Нет, ничего не получите. Я в глубоком мрачном мешке, сорванный, над моей доблестью перепончатые веера смеются. Душа нараспашку — поэтов так и дует и холодит. То, что может понадобиться на дне Адриатики или Атлантики. Бруклинский мост, памятник свободы. Китайская кухня вытирала жирные пальцы о бока Рижской улочки. Бедный Кольванен. Для этого ли он рождён? Надо быть базальтовым утёсом, чтобы терпеть моё общество со всеми его завихрениями, в эпицентре которых неколебимо зиждется дом Рахили и свет в её окне. Втюрился тюлень. Глупо привязываться так крепко, что будет не распутать узел при точном отплытии. Рвать больно. Что ж, я и не спорю. Он прав, мой резонёр Кольванен, этот циник с ушатом, этот джаз-банд. Он, надо вам сказать, всегда прав.

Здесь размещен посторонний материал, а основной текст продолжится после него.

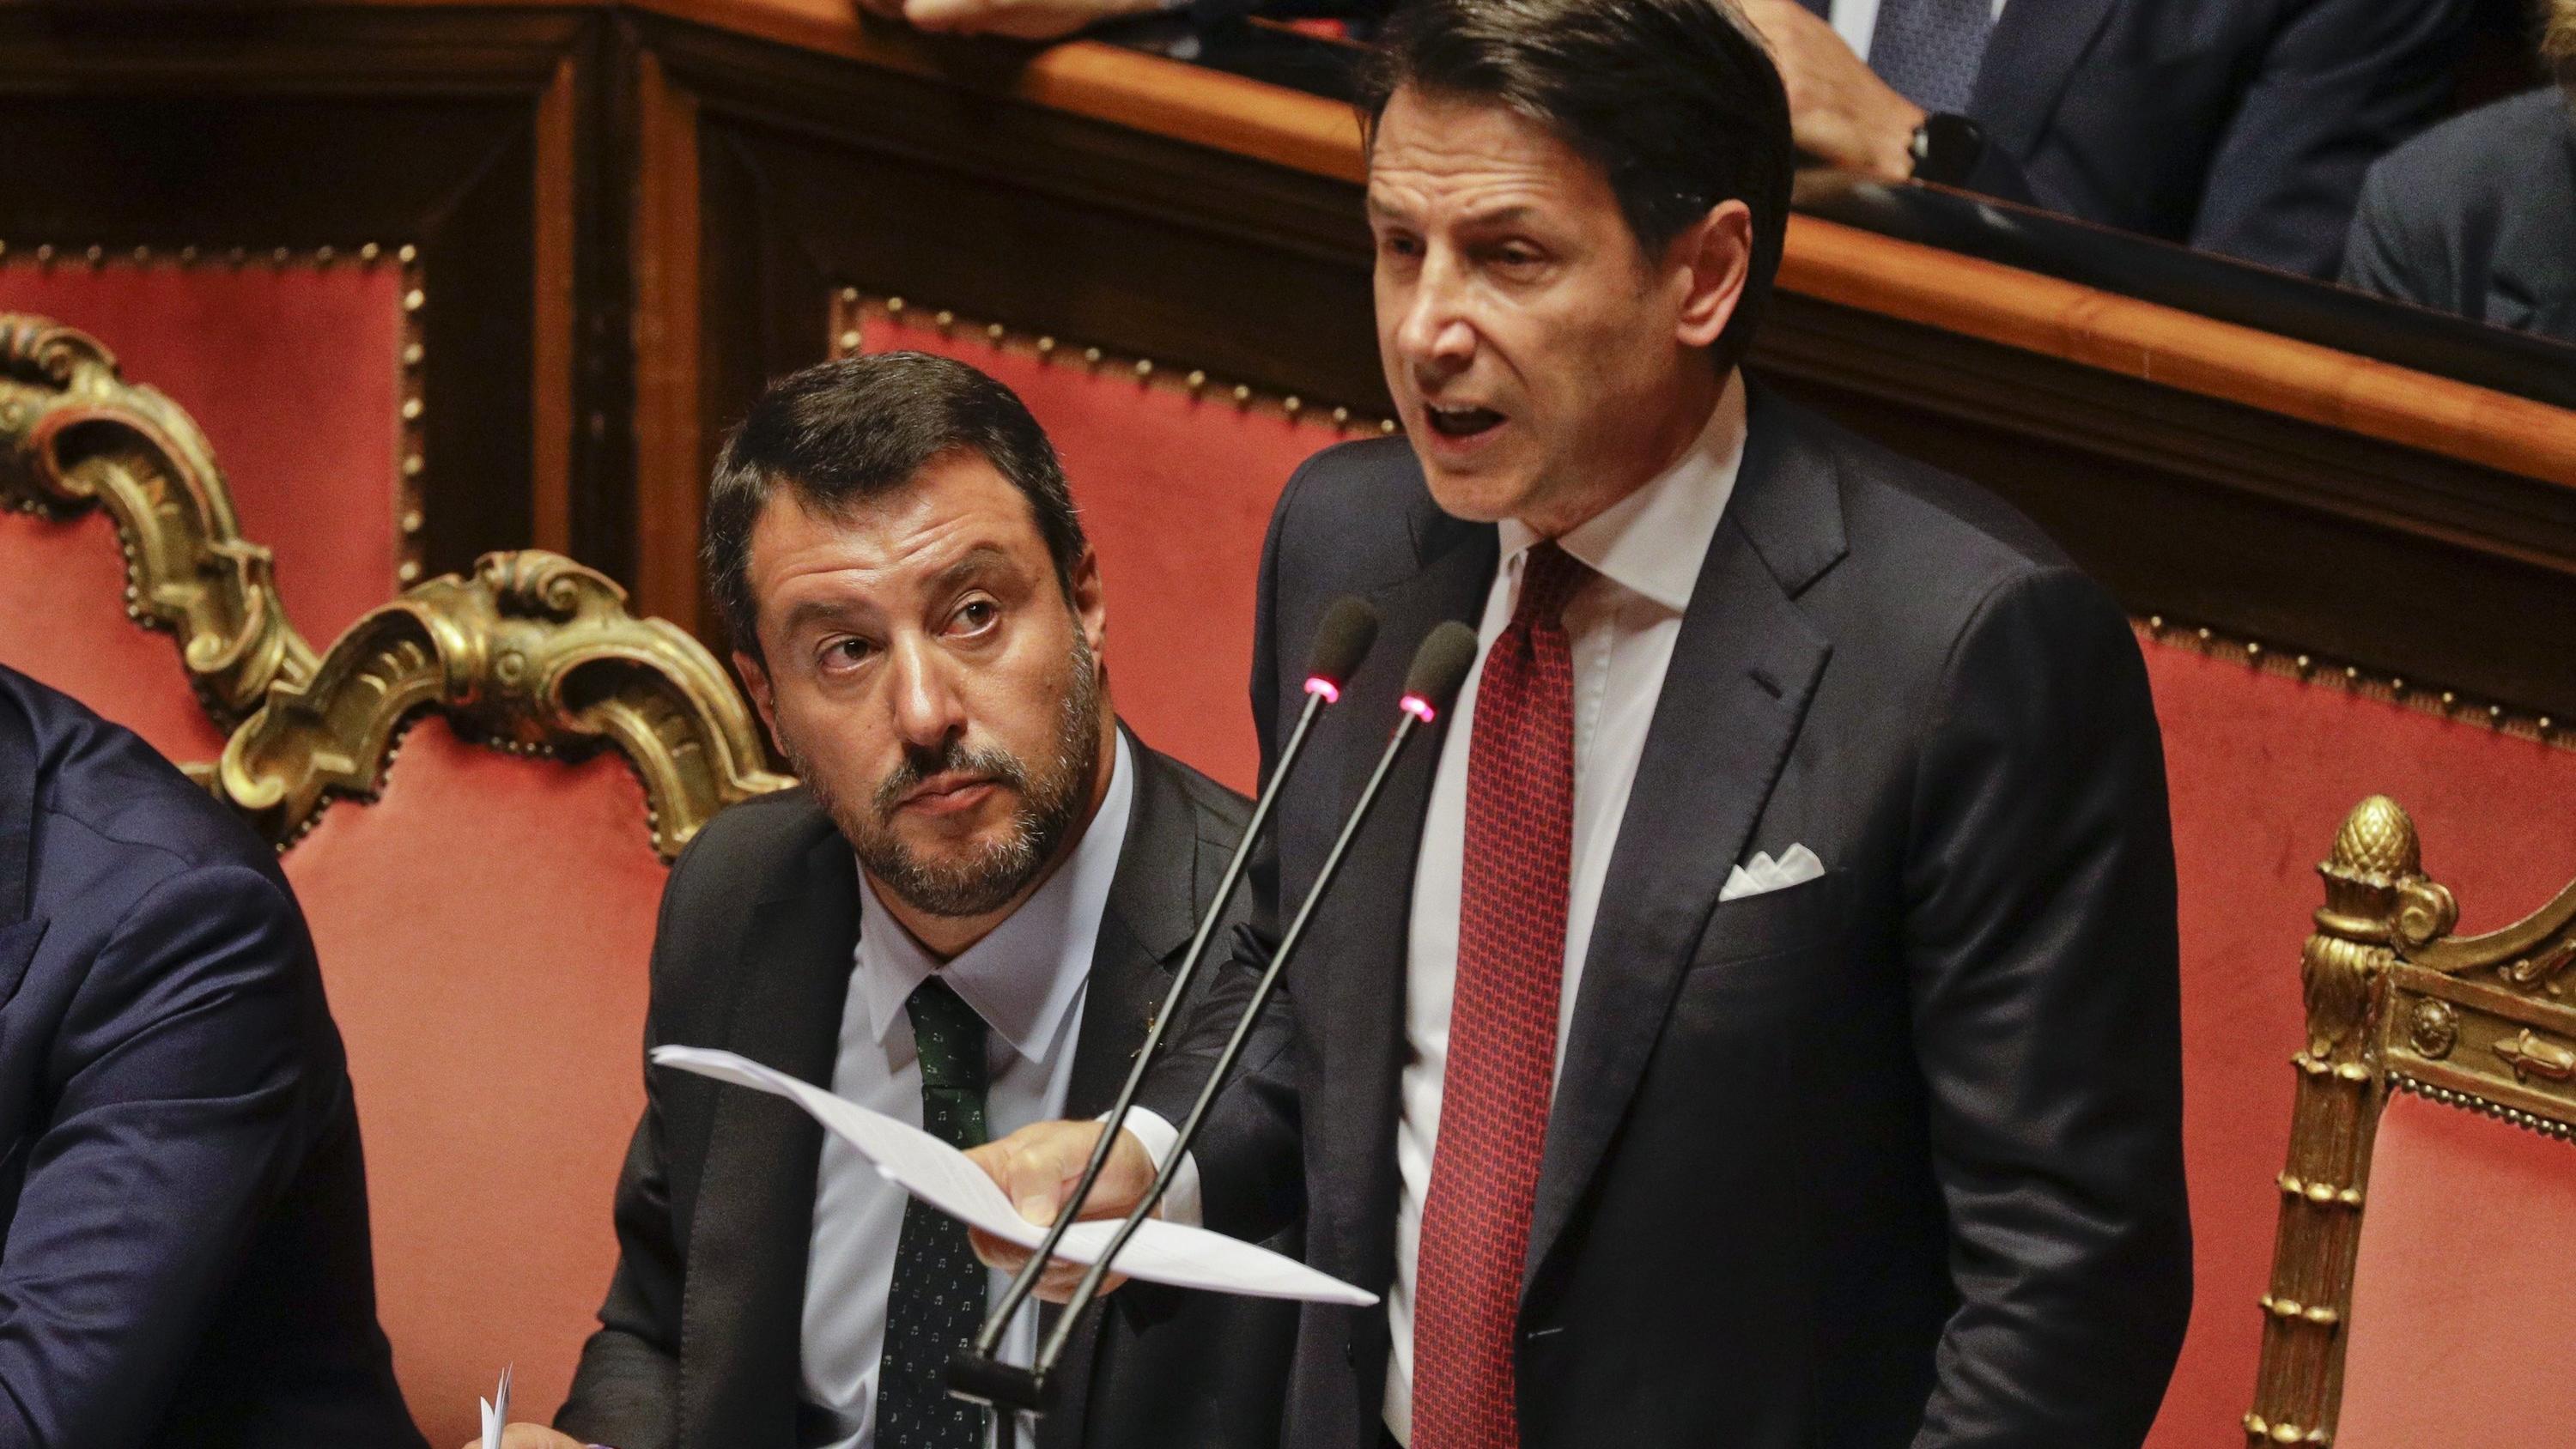 20.08.2019, Italien, Rom: Giuseppe Conte (r), Ministerpräsident von Italien, hält eine Rede in der Abgeordnetenkammer. Neben ihm sitzt der stellvertretende Ministerpräsident von Italien und Mitglied der Lega, Matteo Salvini.

Да и без этого. Что я тут шуршу и о чём думаю? Вот Инга, верная подруга с младых ногтей, вслушаемся в её озабоченный голос. Давно уже собиралась мне сказать вот что: Рахиль непременно погибнет от того образа жизни, который она ведёт, захлебнётся на дне бутылки, если я не протяну ей руку помощи. Я человек положительный, вытащу. Я — единственное её спасение. Для этого и надо-то, надо. Пустяки. Проститься навсегда с морем, найти приличную, хорошо оплачиваемую работу на берегу и обнять палец Рахили обручальным колечком. Полынь-звезда владеет Рахилью. Участь её предначертана злой властью. Господи, как не понять такой простой вещи. Я один в целом мире — избавитель. Вот как. Благодарю за честь. Признаться, не подозревал о моём высоком предназначении, о моей ответственной миссии. Было бы лучше для всех, если бы мой отуманенный пустыми посулами и миражами ум оставался в счастливом неведении на этот счет.
Опять дождливая погодка к нам прицепилась, те же затяжные потоки, запах влаги, пузыри, зонты, что и в вечер нашего прихода сюда, только унылей, тягостней как-то. Возьми себя в руки, мокрая тряпка. Вот ещё что выдумал: лужей разливаться. Заломи краба, грудь колесом, взгляд орлом, нынче здесь, завтра там. Тру-ту-ту, моряк, с печки бряк. Что ты, вечный пловец, потерял в её доме, где «ни пришей, ни пристегни» и «замётано»? Временное пристанище, твёрдую почву, отдых на нарах? Слышу ли я в середине ночи тихие и мягкие шаги тех, кто пришёл по её душу? Не смоковницу обломать, вырвать с корнем, нет — берёзоньку во поле, в краю чужом. За стеной. Какая мне разница — за чьей. Топ-топ. Пришли её душить. Зажилась, говорят. Только свет мутит и место на земле зря занимает. Пора, говорят, от неё избавиться.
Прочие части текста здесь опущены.